Dazu heißt es im Text: „Das aller Scheutzlichest Thier so gesehen mag werden, Su genannt in den Neuwen landen. Es ist ein ort in den Neuw erfundnen land welches ein volck ein wohnet Patagones in ihrer spraach genent, und dieweil daß ort nit sehr warm ist, so bekleiden sie sich mit beltzwerck von einen Thier, welches sie Su nennen das ist Wasser, auß ursach daß es der mehrer theil bei den Wässeren wonet. Ist sehr reubig, scheußlich wie diese Gestalt außweißt. So es von den Jegern gejagt, nimpt es seine jungen auff seinen rucken, deckt sie mit einem langen schwantz, fleucht also darvon, wird mit grüben gefangen und mit pfeilen erschossen.“
Im ersten Moment könnte man beim Wortlaut an eines der südamerikanischen Beuteltiere denken, das am Wasser lebt und seine Jungen mitschleppt. Aber das sind kleine Geschöpfe, während die Beschreibung mit ihrem Fangen in Gruben und auch sonst eher auf ein sehr großes Tier deutet.
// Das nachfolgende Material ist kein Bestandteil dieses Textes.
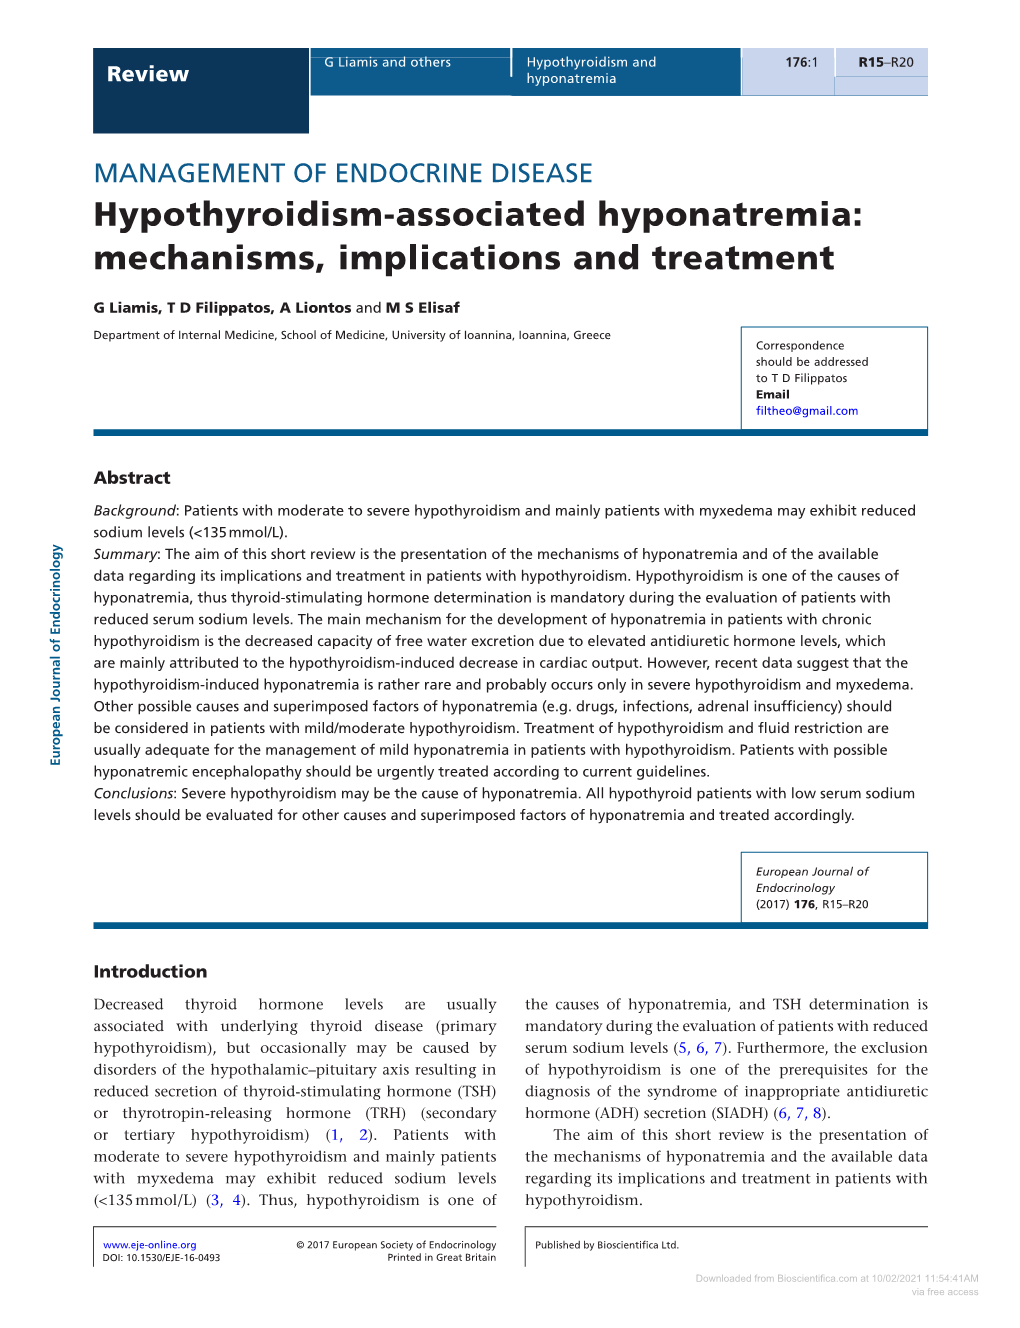 Hypothyroidism-Associated Hyponatremia: MANAGEMENT OFENDOCRINEDISEASE DOI: 10.1530/EJE-16-0493 Review

Für Patagonien fehlt jeder Anhalt, was es sonst sein sollte.
Jedenfalls ist es erstaunlich über alle Maßen, wie diese Geschichten sämtlich wie Radien auf denselben Mittelpunkt loslaufen. Hauthal sagt zwar: Das sind alte Traditionen von Vorvätern, die noch mit dem Tier lebten. Das sieht aber doch seltsam nach einer Ausrede um jeden Preis aus. Schließlich hat auch Ramon Lista ein Tier gesehen und angeschossen, das in der Hauptsache paßte. Hauthal meint, weder in den Grasebenen, noch in der Waldregion Patagoniens könne ein so auffälliges großes Tier den Ansiedlern entgangen sein, wenn es noch lebte. Und im vergletscherten, nahrungslosen Hochgebirge werde man es nicht suchen wollen. Ich meine aber, gerade hier gibt die geheimnisvolle Höhle einen Fingerzeig. Sie zeigt uns den alten Recken mit seiner hörnernen Siegfrieds-Haut als den Bewohner schmaler, finsterer Erdklüfte. Wie viele solcher Klüfte mag das rauheste, südlichste Patagonien gegen Feuerland herab noch enthalten. Und wer ist dort bei Nacht herumgeschweift, um den Gast der Tiefe auf seinen streng nächtlichen Streifereien zu beobachten.
So ist es trotz allem noch immer so wahrscheinlich, wie solche heiklen Dinge überhaupt wahrscheinlich sein können, daß das Riesenfaultier doch noch in einer Glücksnacht der Tierkunde lebend gefaßt und auf seine Ausweispapiere streng geprüft werden könnte.
Wenn nicht, — dann hat es aber auch seine Schuldigkeit getan. Es hat uns über Goethes Darwinismus, über die Entwickelungslehre Darwins, über den Urmenschen und so und so viel anderes belehrt.